Primary care providers were defined as physicians, physician trainees, nurse practitioners and physician assistants.

Nonresponse analysis

We used data from the administrator-supplied practice rosters to compare practice roles and practice size among survey respondents and eligible nonrespondents. Survey respondents were from smaller practices compared to those who did not respond to the survey (P = .003). The mean practice size in practices where respondents worked was 122.6 compared to 135.4 for nonrespondents. Additionally, there were significant differences in response rates among different categories of practice roles (P < .001). Administrative staff (68.7%) and clinical staff (64.8%) had higher rates of responding to the survey compared to primary care providers (42.7%). Among primary care providers, there were significant differences in response rates by type (P = .002). Nurse practitioners had the highest response rates (62.8%), while physicians had the lowest (36.9%). Results of the nonresponse analysis between respondents and eligible nonrespondents are reported in Table 2.

Table 2.

Characteristics of Survey Respondents and Eligible Nonrespondents

Variable Survey Respondents (n = 792) Eligible Nonrespondents (N = 737) P Value
Practice size (mean, SD) * 122.6 (86.9) 135.4 (85.5) .003
Practice rolea <.0001
Administrative staff 173 (68.7%) 79 (31.3%)
Patient financial advisors 49 (71.1%) 20 (28.9%)
Clinical staff 222 (65.1%) 119 (34.9%)
Behavioral health and social workers 48 (70.6%) 20 (29.4%)
Medical assistants 91 (72.2%) 35 (27.8%)
Registered nurses 53 (57.6%) 39 (42.4%)
Other 3 (33.3%) 6 (66.7%)
Primary care providers 394 (42.5%) 533 (57.5%) <.001
Nurse practitioners 32 (62.8%) 19 (37.3%)
Physician assistants 7 (53.9%) 6 (46.1%)
Physician trainees 227 (43.9%) 289 (56.1%)
Physicians 128 (36.9%) 219 (63.1%)
Open in a new tab
*

Independent samples t-tests were calculated.

a

Chi-square tests were calculated.

In total, 456 primary providers and staff were contacted during the phase two follow-up with 117 responding to the survey. There were significant differences in practice size between phase one respondents and phase two respondents (P = .002). Phase one respondents were from smaller practices (118.6, SD = 86.6) compared to phase two respondents (145.3, SD = 85.8). There were also significant differences in practice roles between phase one and phase two respondents (P < .001); approximately 21% of primary care providers responded during phase two compared to 9% of clinical staff and 8% of administrative staff. There were no significant differences in primary care provider type between phase one and phase two respondents.

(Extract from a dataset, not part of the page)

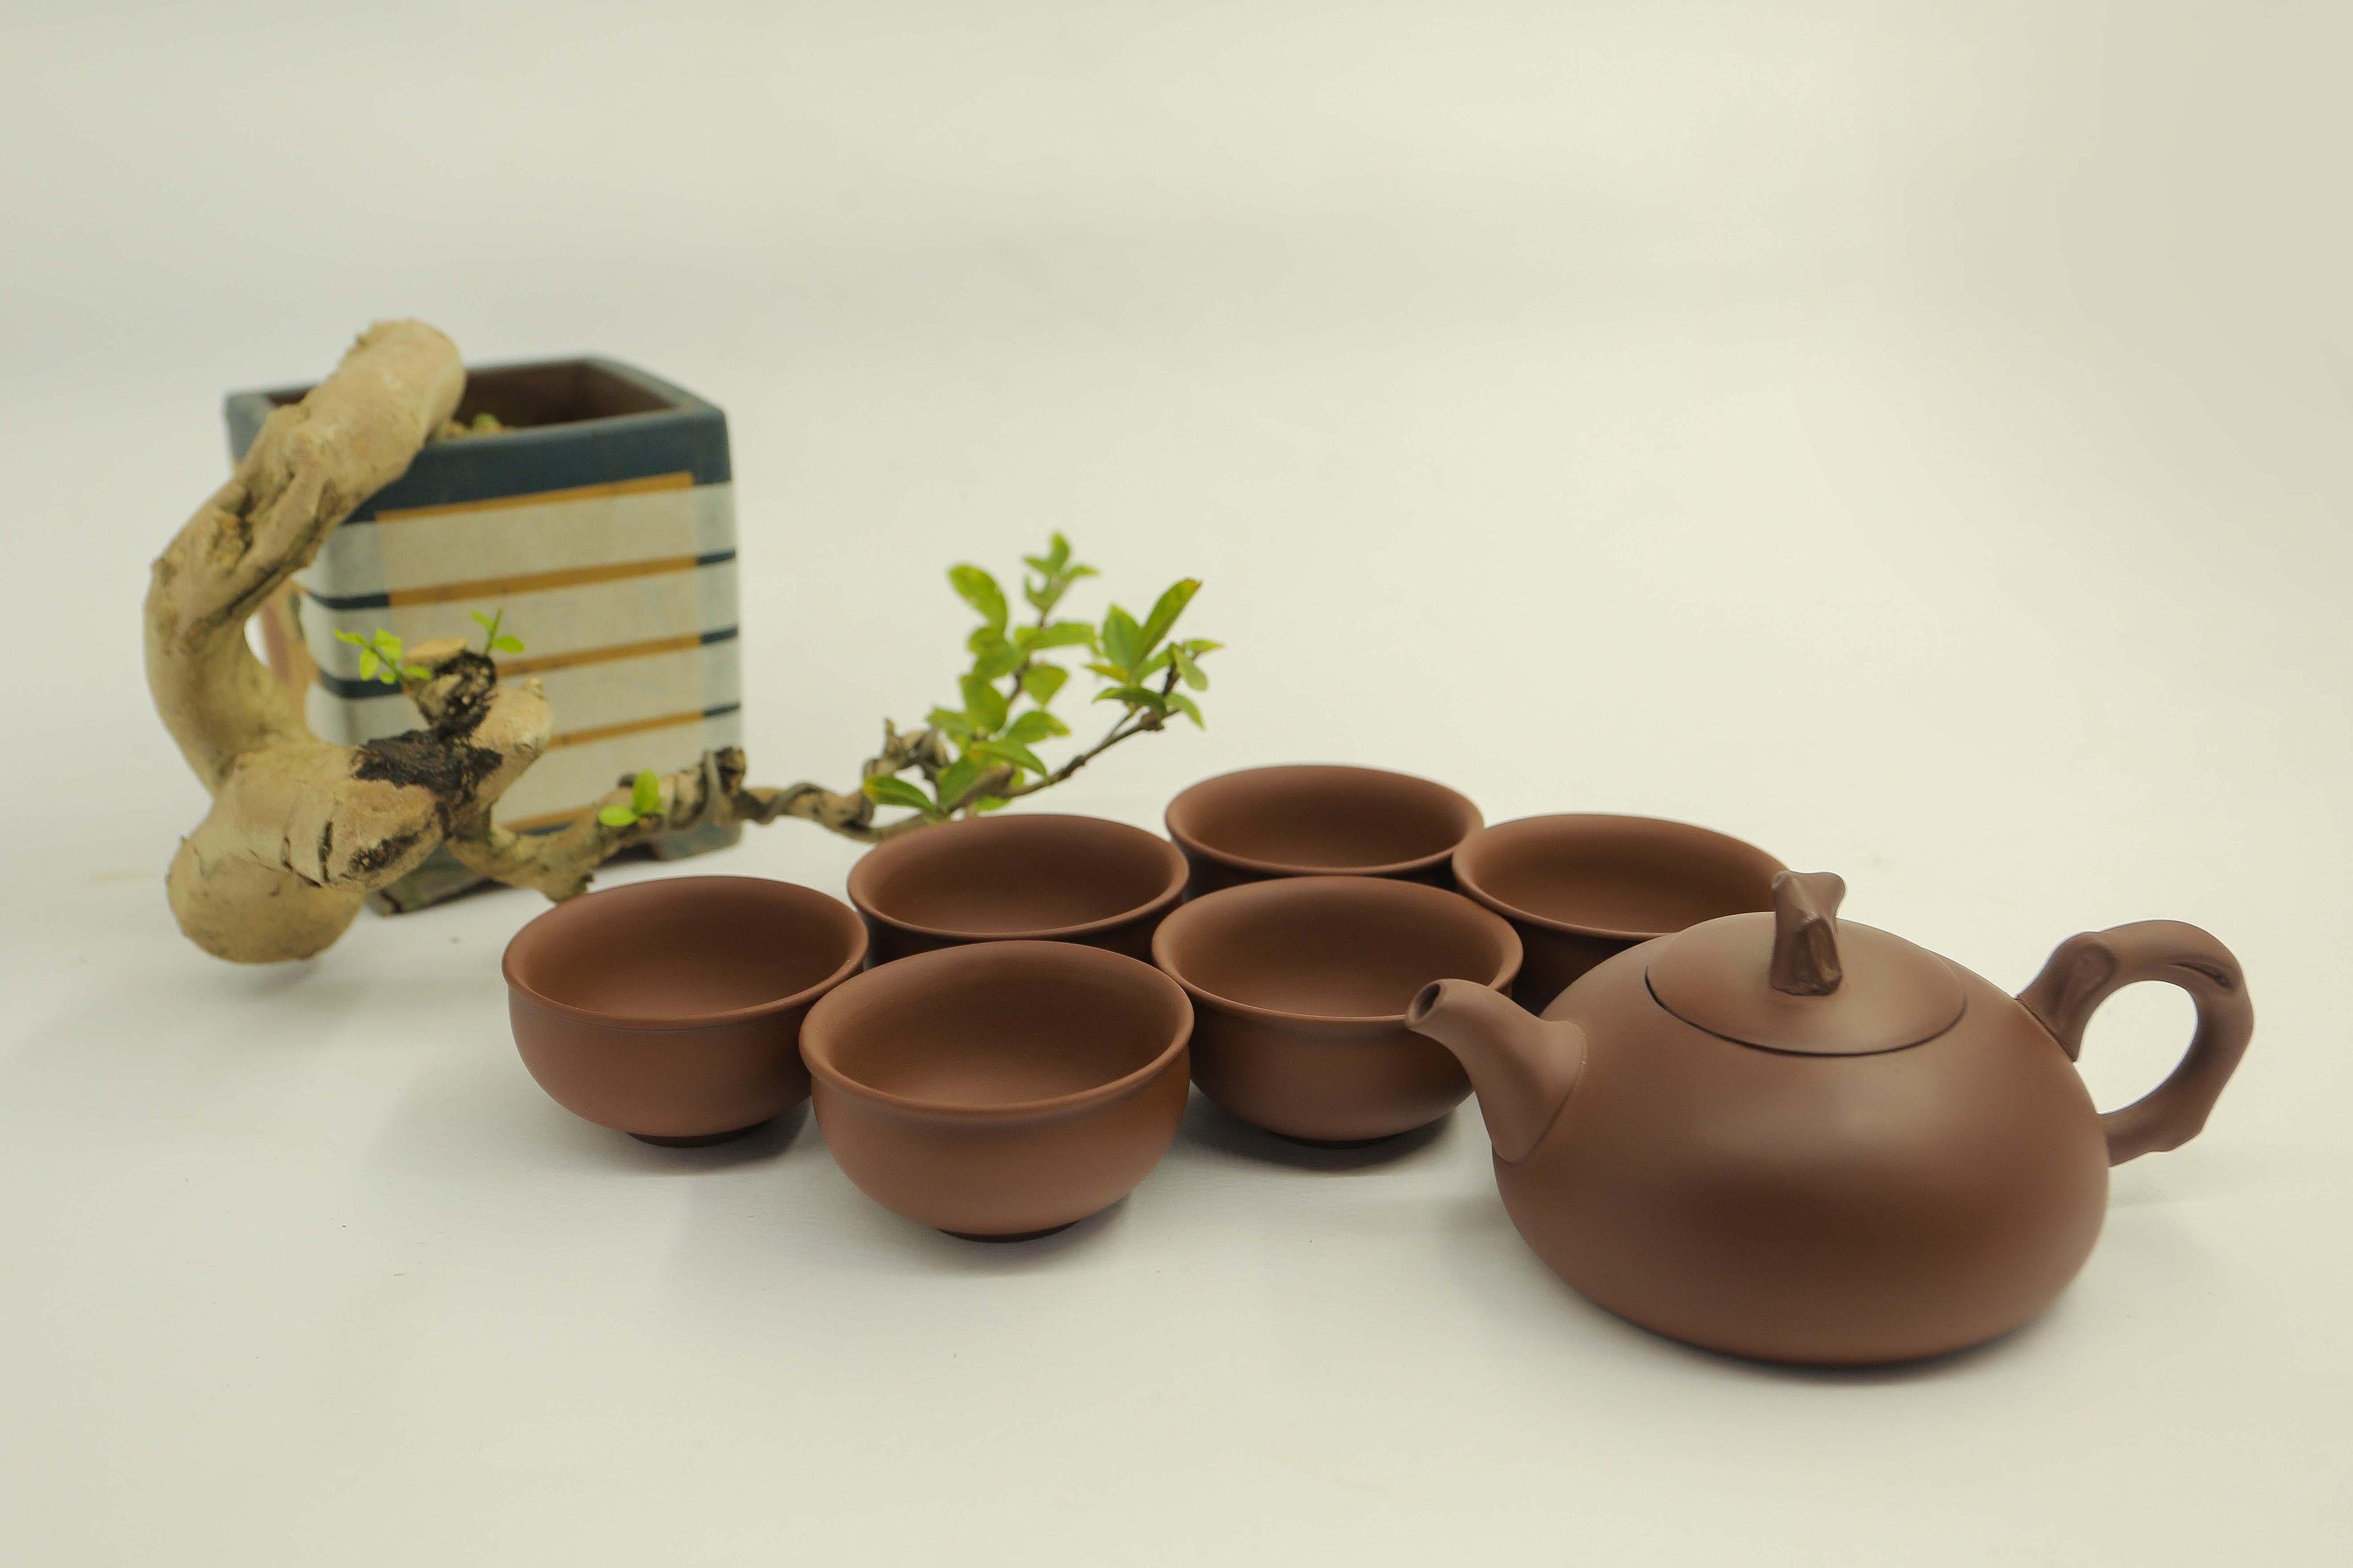 Bộ ấm gốm sứ - Bộ trà đất nung - Bộ ấm trà An Thổ Túc - Bộ ấm trà Tùng Lâm

There were no significant differences between phase one and two respondents regarding self-reported race, age, gender, marital status, perceived team effectiveness, and burnout. However, there were significant differences in educational level between phase one respondents and phase two respondents (P = .003). A higher proportion (10%) of those with a Master’s, PhD, or other professional degree responded to the survey during the phase two follow-up compared to 3% of those with bachelor’s degrees or less. The results of this analysis are reported in Table 3. Due to partially completed survey responses among phase two respondents, there was greater than 20% missing data for measures of age, race, gender, marital status, and team effectiveness.

Table 3.

Characteristics of Phase One Survey Respondents and Phase Two Respondents

Variable Phase One Respondents (n = 675) Phase Two Respondents (n = 117) P Value
Practice size (mean, SD) * 118.6 (86.6) 145.3 (85.8) .002
Staff rolea <.0001
 Administrative staff 159 (91.9%) 14 (8.1%)
 Patient financial advisor 49 (100%) 0 (0%)
 Clinical staff 202 (90.8%) 20 (9.2%)
Behavioral health and social workers 42 (87.5%) 6 (12.5%)
 Medical assistants 85 (93.4%) 6 (6.6%)
 Registered nurses 47 (88.7%) 6 (11.3%)
 Other 3 (100%) 0 (0%)
 Providers 311 (79.1%) 83 (20.9%) .21
 Nurse practitioners 28 (87.5%) 4 (12.5%)
 Physician assistants 7 (100%) 0 (0%)
 Physician trainees 180 (79.3%) 47 (20.7%)
 Physicians 96 (75%) 32 (25%)
Racea .80
 Asian 74 (92.5%) 6 (7.5%)
 Black 114 (94.2) 7 (5.8%)
 White 293 (92.7%) 23 (7.3%)
 Other race/multiple races 82 (95.4%) 4 (4.6%)
Gendera .89
 Female 466 (93.2%) 34 (6.8%)
 Male 122 (93.1%) 9 (6.9%)
 Other 3 (100%) 0 (0%)
Age (years)a .43
 21–30 153 (94.4%) 9 (5.6%)
 31–36 151 (90.9%) 15 (9.1%)
 37–51 141 (95.3%) 7 (4.7%)
 51 or older 138 (93.2%) 10 (6.8%)
Marital statusa .28
 Married 266 (94.3%) 16 (5.7%)
 Other marital status 317 (92.2%) 27 (7.8%)
Education levela .003
 Less than an associate degree 123 (96.9) 4 (3.1%)
 Associate or Bachelor’s degree 157 (96.9%) 5(3.1%)
 Post-secondary education (Masters, Doctorate, professional degree) 309 (90.1%) 34 (9.9%)
Perceived team effectivenessa .37
 1–5 (not effective) 46 (90.2%) 5 (9.8%)
 6–10 (effective) 542 (93.5%) 38 (6.5%)
Burnouta .08
 No burnout 393 (94.5) 23 (5.5%)
 Symptoms of burnout 196 (90.7%) 20 (9.3%)
Open in a new tab
*

Independent samples t-tests were calculated.

a

Chi-square tests were calculated.

DISCUSSION

We report the methods of an innovative social network survey of primary care practice providers and staff conducted in two states. We fielded an online survey distributed to 1635 members, with four outreach emails over four weeks. After the initial outreach period, half of the non-respondents were recruited for a phase two follow-up. Ultimately, our survey yielded a 51.8% response rate across 23 practices. Practice-level survey response rates ranged from 22% to 82%.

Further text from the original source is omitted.